Vet thinks it is a staf infection and the three most badly affected lambs have had an antibiotic jag and I have an antibiotic eye cream for them. Their sore areas have been purple sprayed (not the eyes I hasten to add!) and it's now a case of waiting and watching. They are in a 'sick bay' pen isolated from the rest of the gang. I mentioned peri orbital eczema and she said, "have you been searching the internet....."! Vet also said that the loss of hair around the muzzle is quite likely caused by the milk powder, which was suggested earlier on.
A couple of you wondered how we got ourselves in this position with so many lambs. We have a smallholding in amongst a number of large sheep farms. One of them sold us our first ever lambs last year and this year we offered to help in anyway we could, with lambing. He has 1300 Ewes which were scanned at 229% and was anticipating a high number of cades. We have some large outbuildings which were ideal for a lamb nursery and so the scene was set. I have to say that he has been closely involved with us from minute 1 and didn't just 'leave us to it' but even he had never seen the severity of the crusting and hair loss that we have been experiencing. As an aside we have just come out of an episode of scour which affected about 70 of our lambs and most of the remaining 70 Cade lambs which he kept back once our nursery was full.
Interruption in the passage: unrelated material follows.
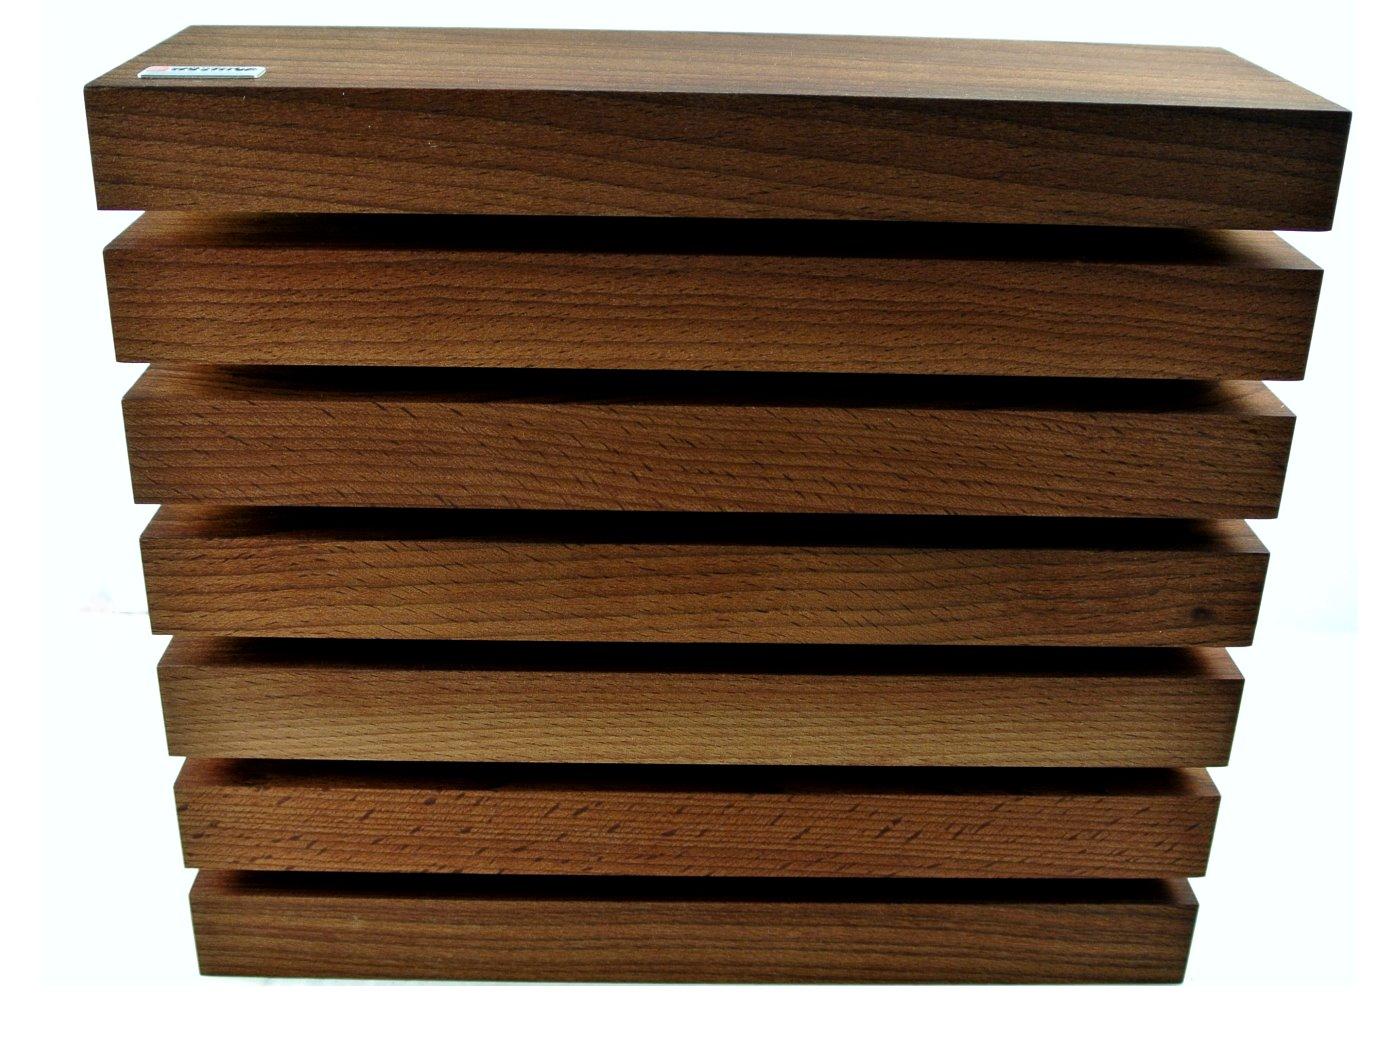 w sthof messerblock magnetisch thermobuche 6 messer messerkontor. Black Bedroom Furniture Sets. Home Design Ideas
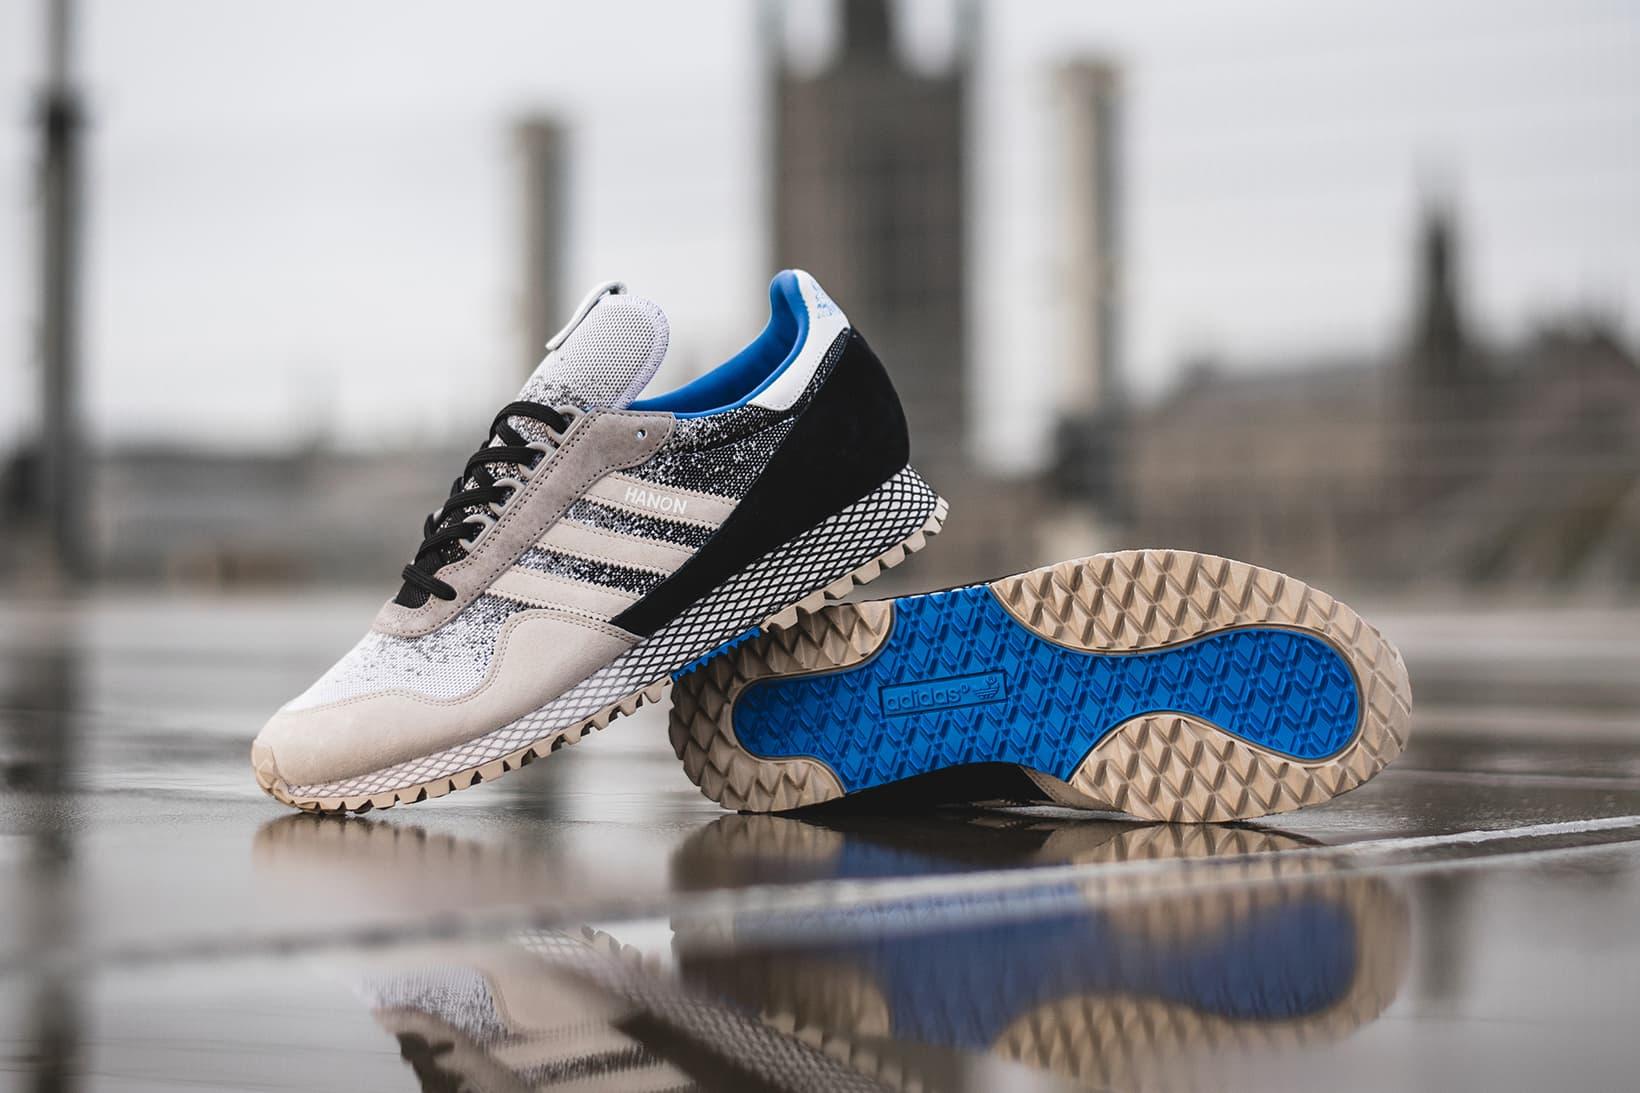 Hanon Reworks the adidas New York With Seasonal Flair

So far we have lost 6 of the lambs, possibly as a result of scouring which was tested and came back as cryptosporidium, although two just dropped down dead in front of us before any of the scour started. We had to jag all affected lambs and give them a daily dose of something called scour halt for 5 days. You wouldn't believe the amount of bedding we have got through! Several lambs came down with Joint ills but they all seem to have reacted well to the injections they were given. We have just 2 lambs still on the bottle however they have a degree of brain damage so we don't think they will manage a machine.
The oldest lambs are now 5 weeks and will be weaned in the next week or so. We will keep 10 of them for ourselves to join the two Ewe lambs we kept from last years pets or cades and hopefully they will produce their own offspring this time next year.
It's fairly safe to say we have learned a lot these past 5 weeks!